Figura 4: Córrego Quatis que atravessa a nova cidade de Itueta. Fonte: Priscila Costa (2010).

Uma das transformações que a nova cidade de Itueta apresenta sob o ponto de vista geomorfológico diz respeito à diferença de características do sítio da velha para a nova cidade. Sendo assim, a velha cidade se localizava numa planície, às margens do rio, como já comentado, ao passo que a nova cidade situa-se em um terreno um pouco mais elevado em relação ao antigo leito do rio. Que implicações podem ser

consideradas a esse respeito? Que conseqüências tanto de ordem social e cultural quanto ambiental essa alteração na localização da cidade de Itueta provocou?
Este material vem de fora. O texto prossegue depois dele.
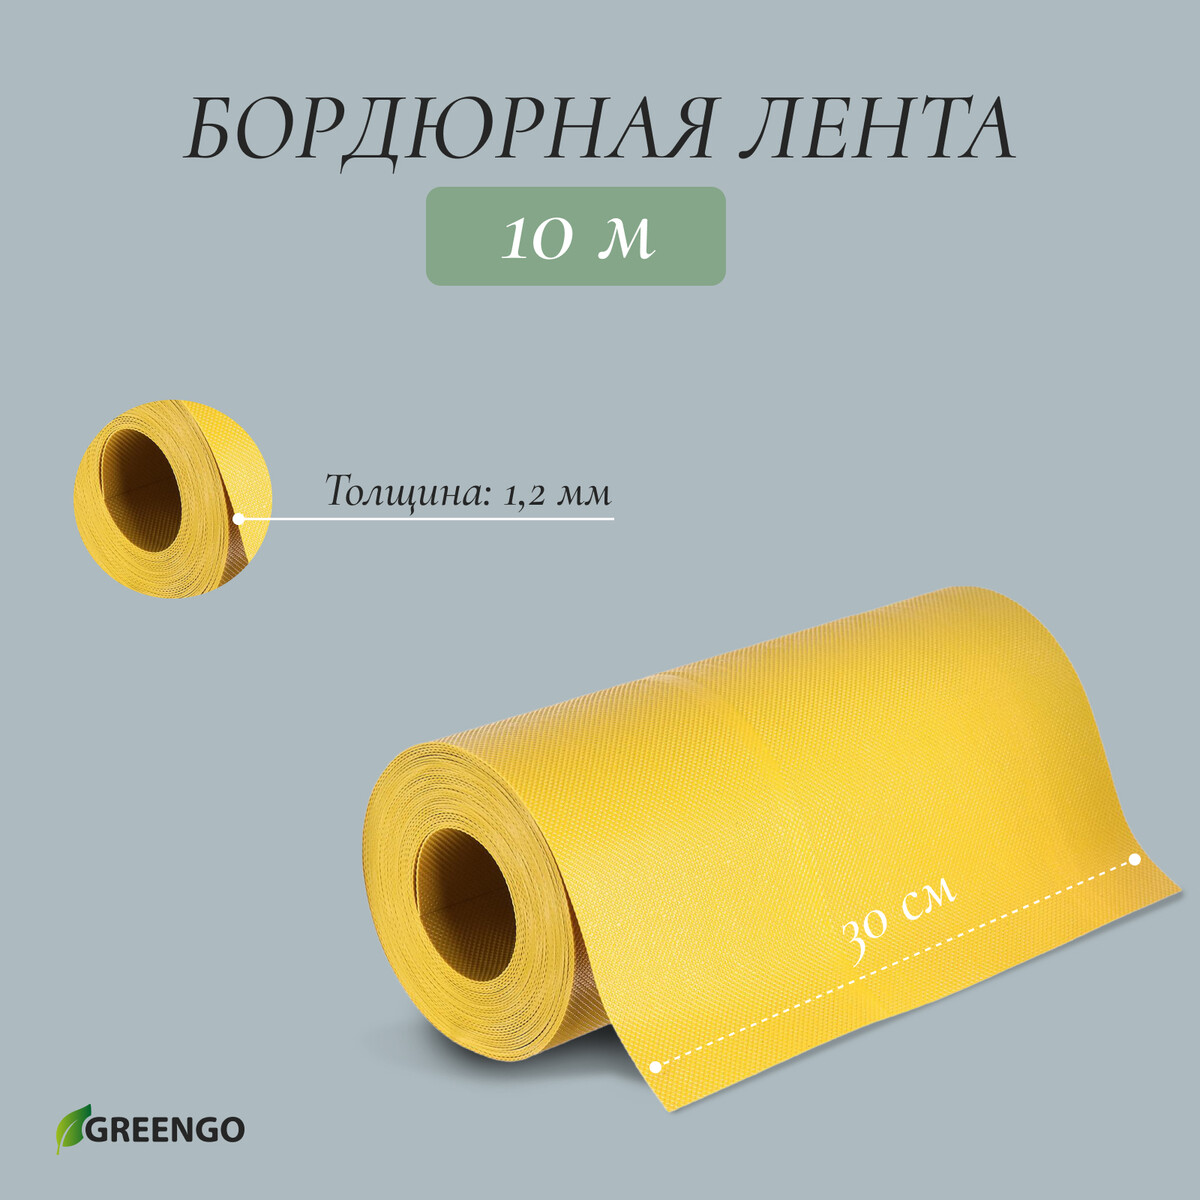 Лента бордюрная, 0.3 × 10 м, толщина 1.2 мм, пластиковая, желтая, greengo лента бордюрная 0 1 × 10 м толщина 1 2 мм пластиковая коричневая greengo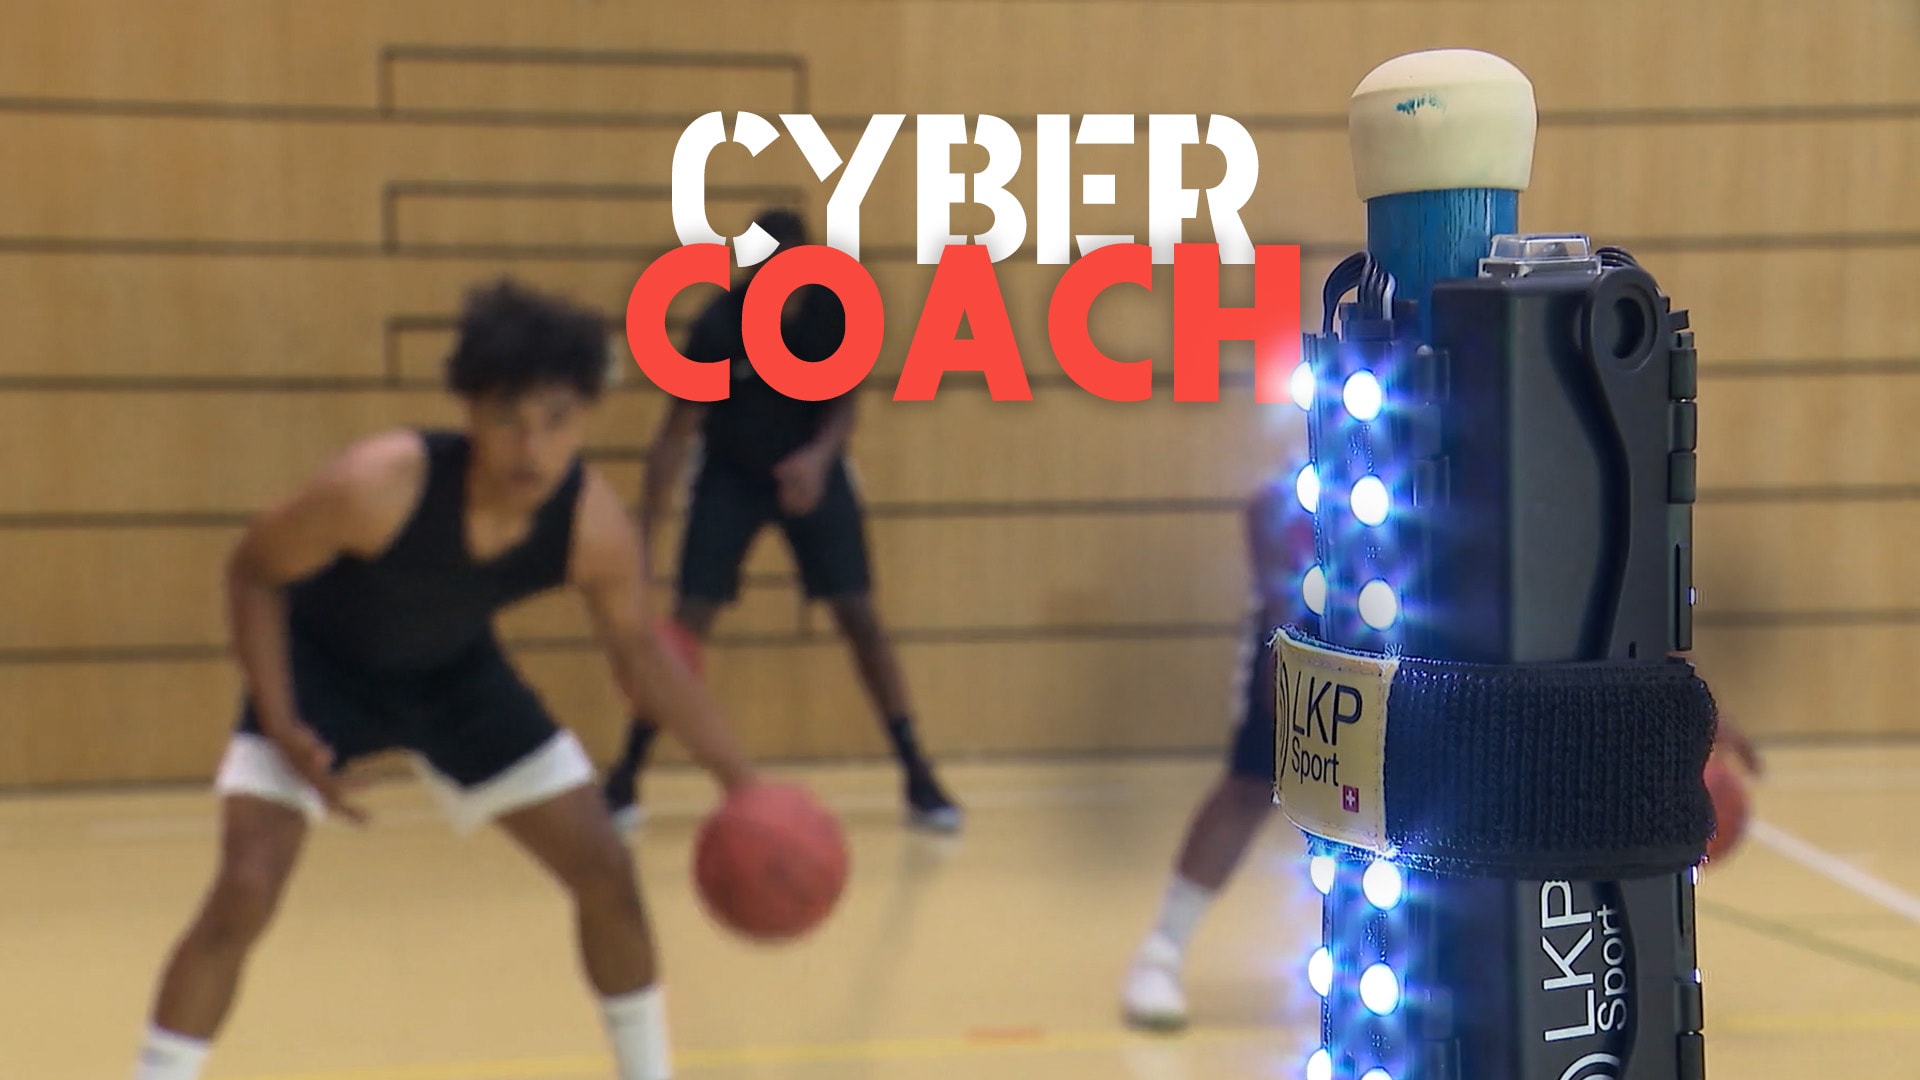 Cyber-coach

Psicologicamente o rio influenciava os moradores da velha Itueta? É possível verificar a influência do rio na vida das pessoas ao analisarmos a obra de Tuan (1974), que nos compartilha a idéia sobre como o meio repercute no modo de vida das pessoas. Nesse caso, como o rio Doce influenciava na sociabilidade dos ituetenses, nas atividades econômicas, nas referências em geral do cotidiano, etc.? Como assinala Cruz (2008) acerca do papel que os rios na Amazônia assumem no modo de vida local:

Esse padrão espaço-temporal se molda a partir de uma forte dependência da natureza, num ritmo lento plasmado num modo de vida e numa sociabilidade pautadas no esquema rio-várzea-floresta. A vida se tece pelas relações estabelecidas com e através do rio. (CRUZ, 2008, p. 49).

Seus argumentos enfatizam que o homem e o rio são os dois mais ativos agentes da geografia humana na Amazônia. Destaca que o rio enche a vida do homem de motivações psicológicas, que o rio imprime à sociedade rumos e tendências e dessa forma cria modos de vida característicos na realidade regional. Cruz (2008) aponta que o rio representa esse espaço de referência identitária.

Com suas peculiaridades e observadas as devidas circunstâncias, podemos dizer que o rio Doce para a antiga Itueta, possui também essa particularidade de imprimir rumos e tendências, caracterizando a realidade socioeconômica, ambiental e cultural da população local. Dessa forma, observar essas tendências é refletir sobre as transformações suscitadas na nova cidade de Itueta, uma vez que a nova cidade não possui mais o rio como referência presente em sua estrutura.